Swigger prefers the outcomes-assessment approach over the more quantitative tabulations of activities, thus moving beyond statistics quantifying library activity to external perceptions of the work of the profession. Many tables presenting information gleaned from sources outside the library profession help to characterize defining aspects of the library profession, with successive chapters discussing the evidence used to determine the standing of librarians, as measured by status, prestige, and income; techniques used to recruit new librarians; the intellectual foundation of library schools; and the changing definitions of the work of librarians. This last is particularly pertinent to the discussion of the library profession, given the ongoing public perception that anyone who works in a library merits the title of librarian. This evidence is well supported with a substantial number of references, including past statistical studies, both old and new literature on accreditation in academic environments, and current literature on the status and satisfaction of librarians.

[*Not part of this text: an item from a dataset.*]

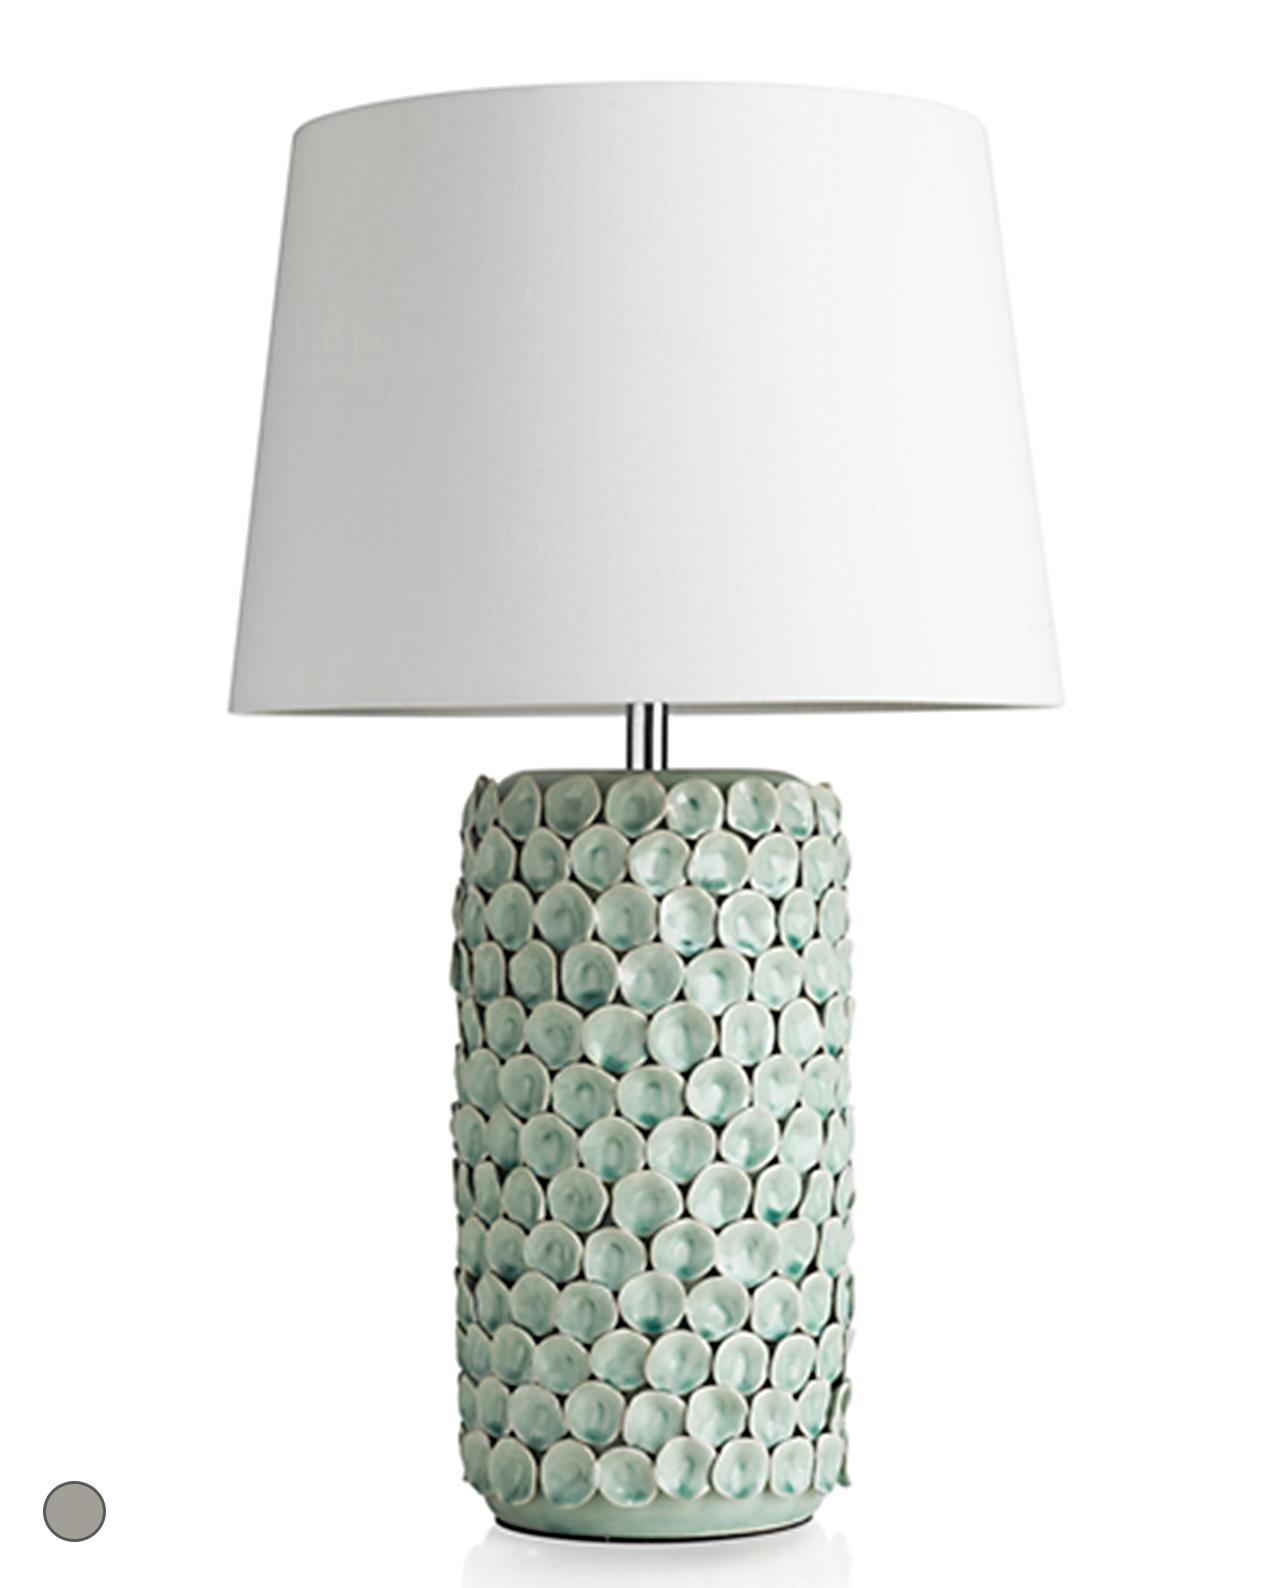 https://mobiliastore.it/wp-content/uploads/2017/11/lampada-in-ceramica-decorata-linea-petali-brandani.jpg
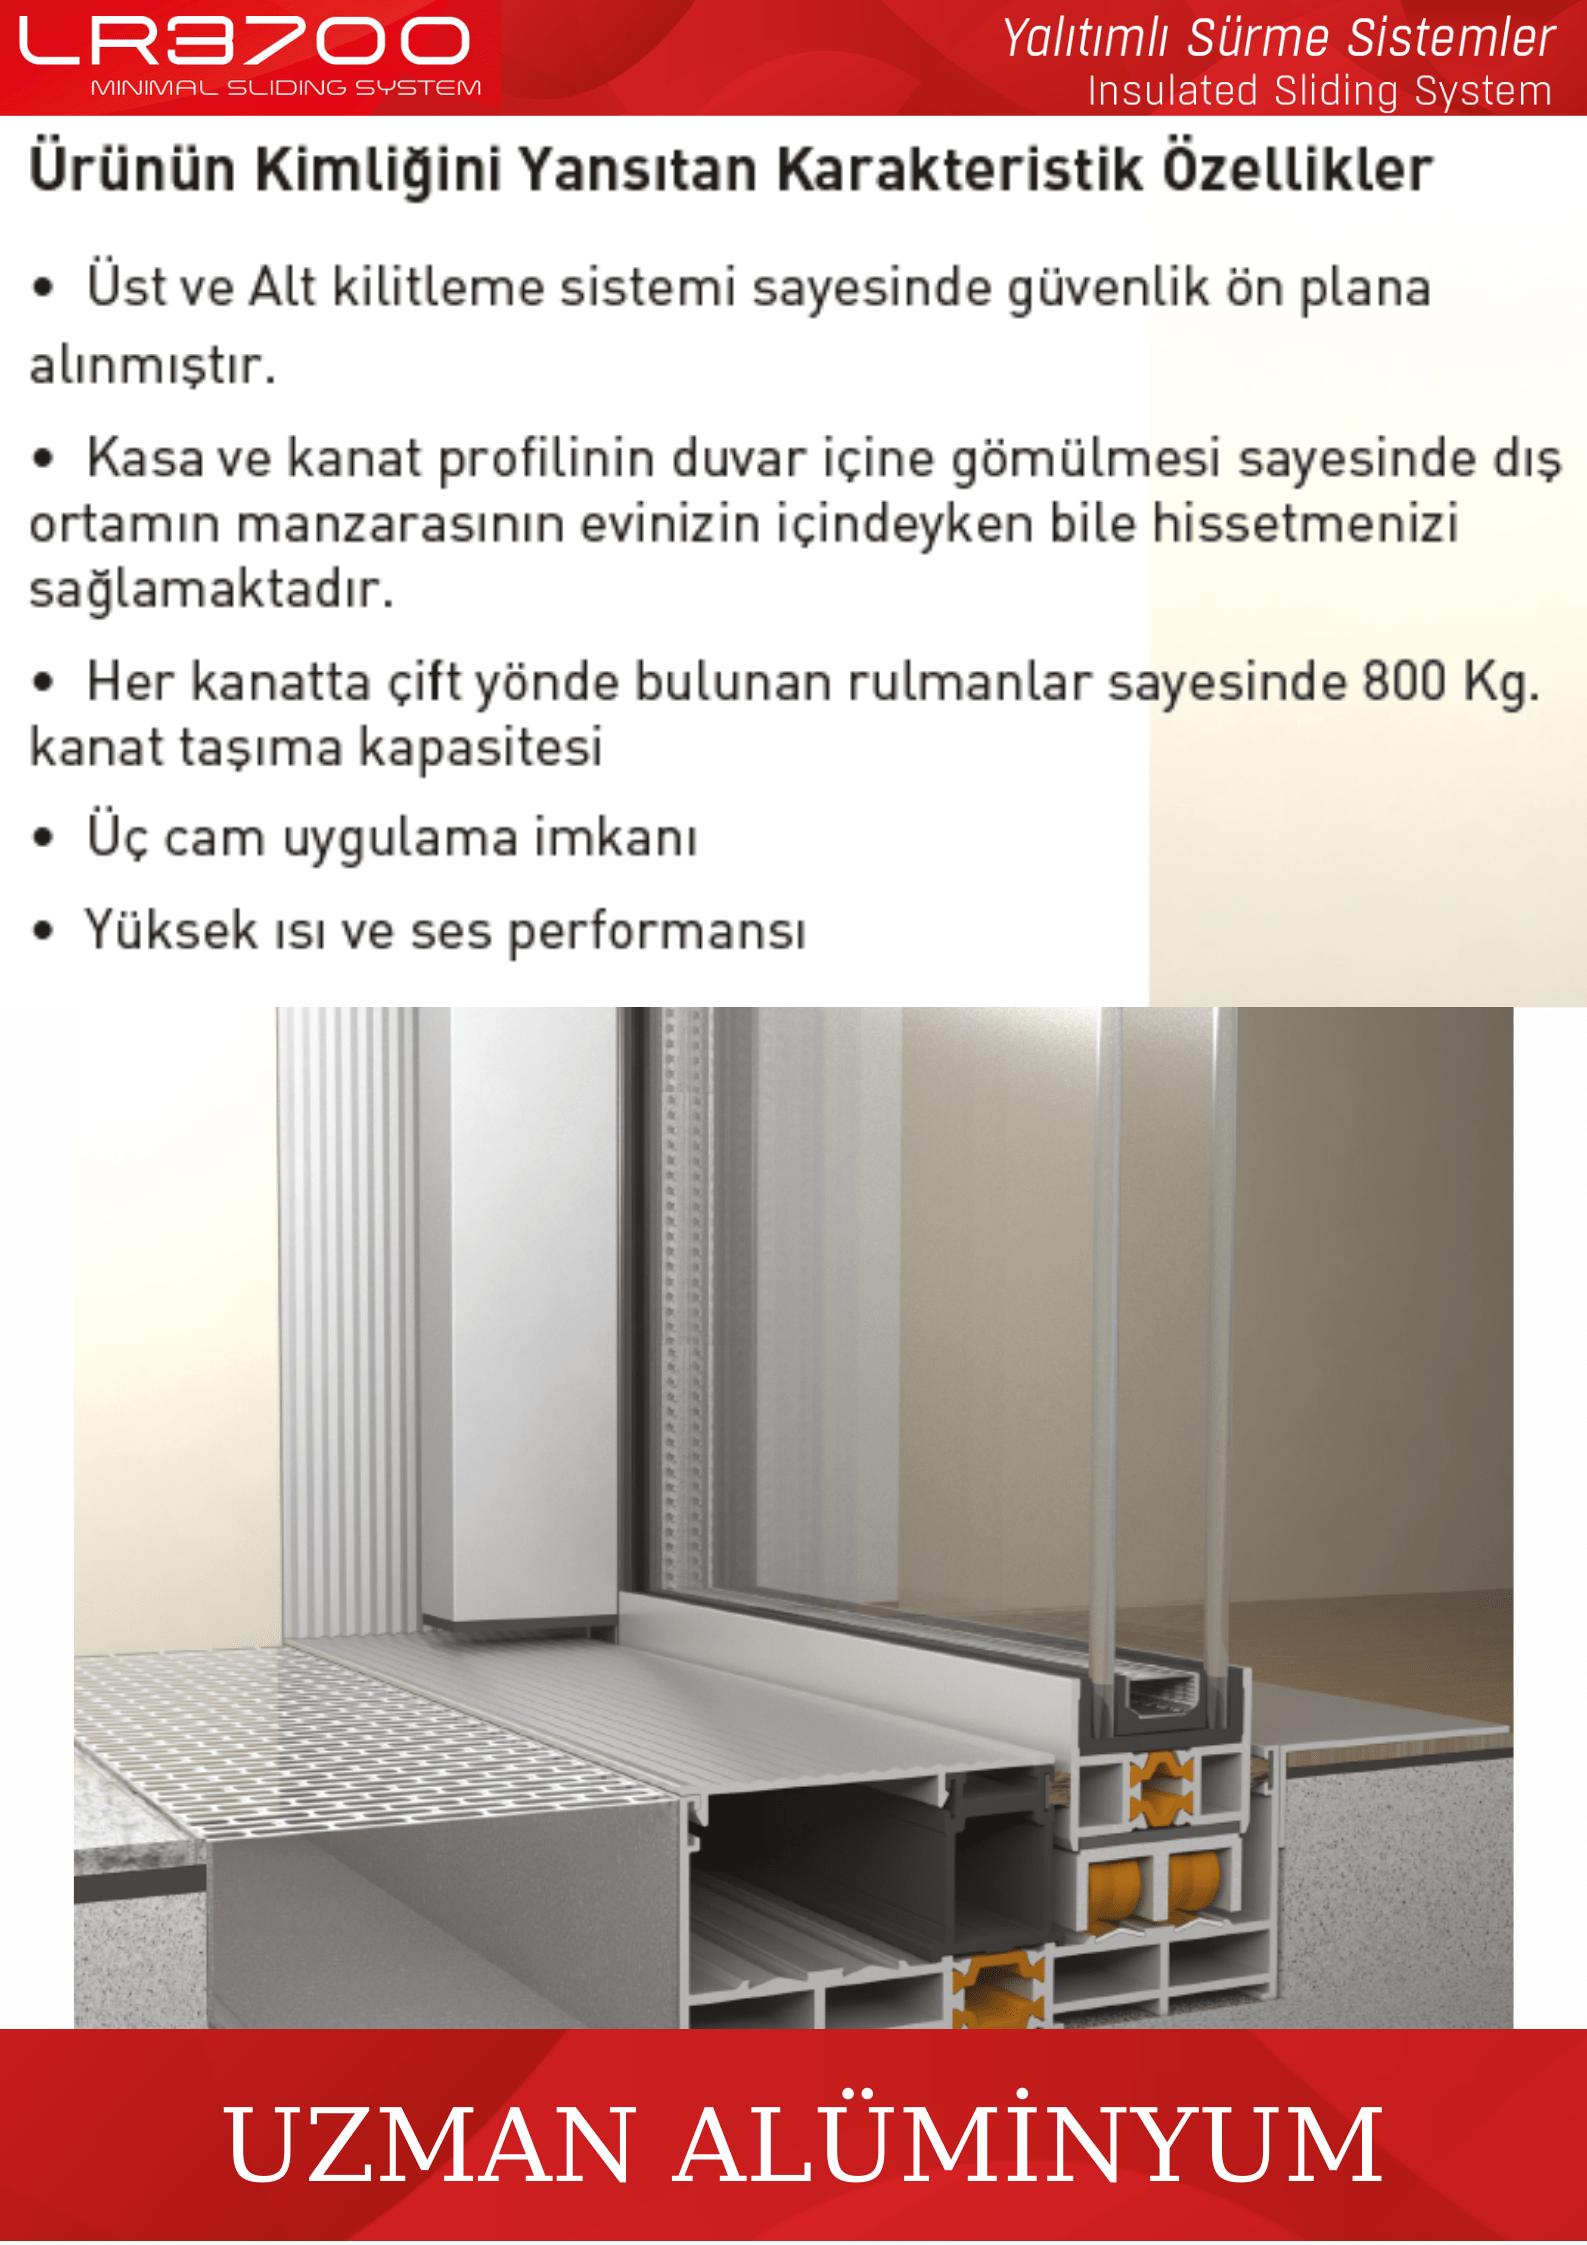 LR-3700 sürgü İzmir

Considerable attention is paid to the development of the ALA policies that attempted to differentiate between the work done by library professionals from everyone else in the library, and the way in which these policies have resulted in a destructive caste system that marginalizes the work of “non-professional” support staff.
While examining the ALA’s rationale for using accreditation to standardize library education, the author also looks at librarians’ views of themselves, finding that they have accepted a simple trait model for their profession. In this model, individuals measure their success by comparing their traits with a list of ideal traits, believing that by changing their traits to conform to the ideal they will be recognized and rewarded as professionals. Simple identification with the values of these ideal traits and beliefs does not necessarily imply that the believer possesses appropriate professional skills and knowledge, as Swigger repeatedly mentions.
According to Swigger, the question at the heart of the debate is not whether librarianship is a profession but “what are the functions of libraries as social instruments?” (129). Swigger identifies Melville Dewey’s self-serving need for status as the beginning of the assumption that there is a library profession, an assumption based in large part on the association of librarians with books and libraries, “as if the aura of libraries as emblems of culture or social justices would transfer to an aura for librarians” (135). Quoting the educator Pierce Butler, who first used the term “library science,” the librarian “has always been inclined to imitate the outward forms of the other professions before attaining the corresponding internal development” (111). This reminds us of the continuing concern for substance over form in the debate over librarianship as a profession.
In the end, Swigger’s story was not a simple one. As reasons for what he sees as the mixed success of the MLS project, Swigger offers “failures to follow through on academic curricular changes and theoretical challenges, changes in technology, and changes in the social context” (107). Overall, the tone of the work is doleful, tinged with regret at the lost opportunities for the adaptive changes required for a sustainable profession and the lack of a process to effectively evaluate the individual who earns the professional degree, rather than the school that grants it. Because of this, The MLS Project is an important cautionary tale, offering well-supported arguments that the current accreditation process for library education programs has stifled a much-needed reconsideration of the library profession itself. A new model is needed, one that acknowledges that technological and social changes in information creation, delivery, and preservation should be reflected in the education of librarians and the consequent redefinition of the library profession.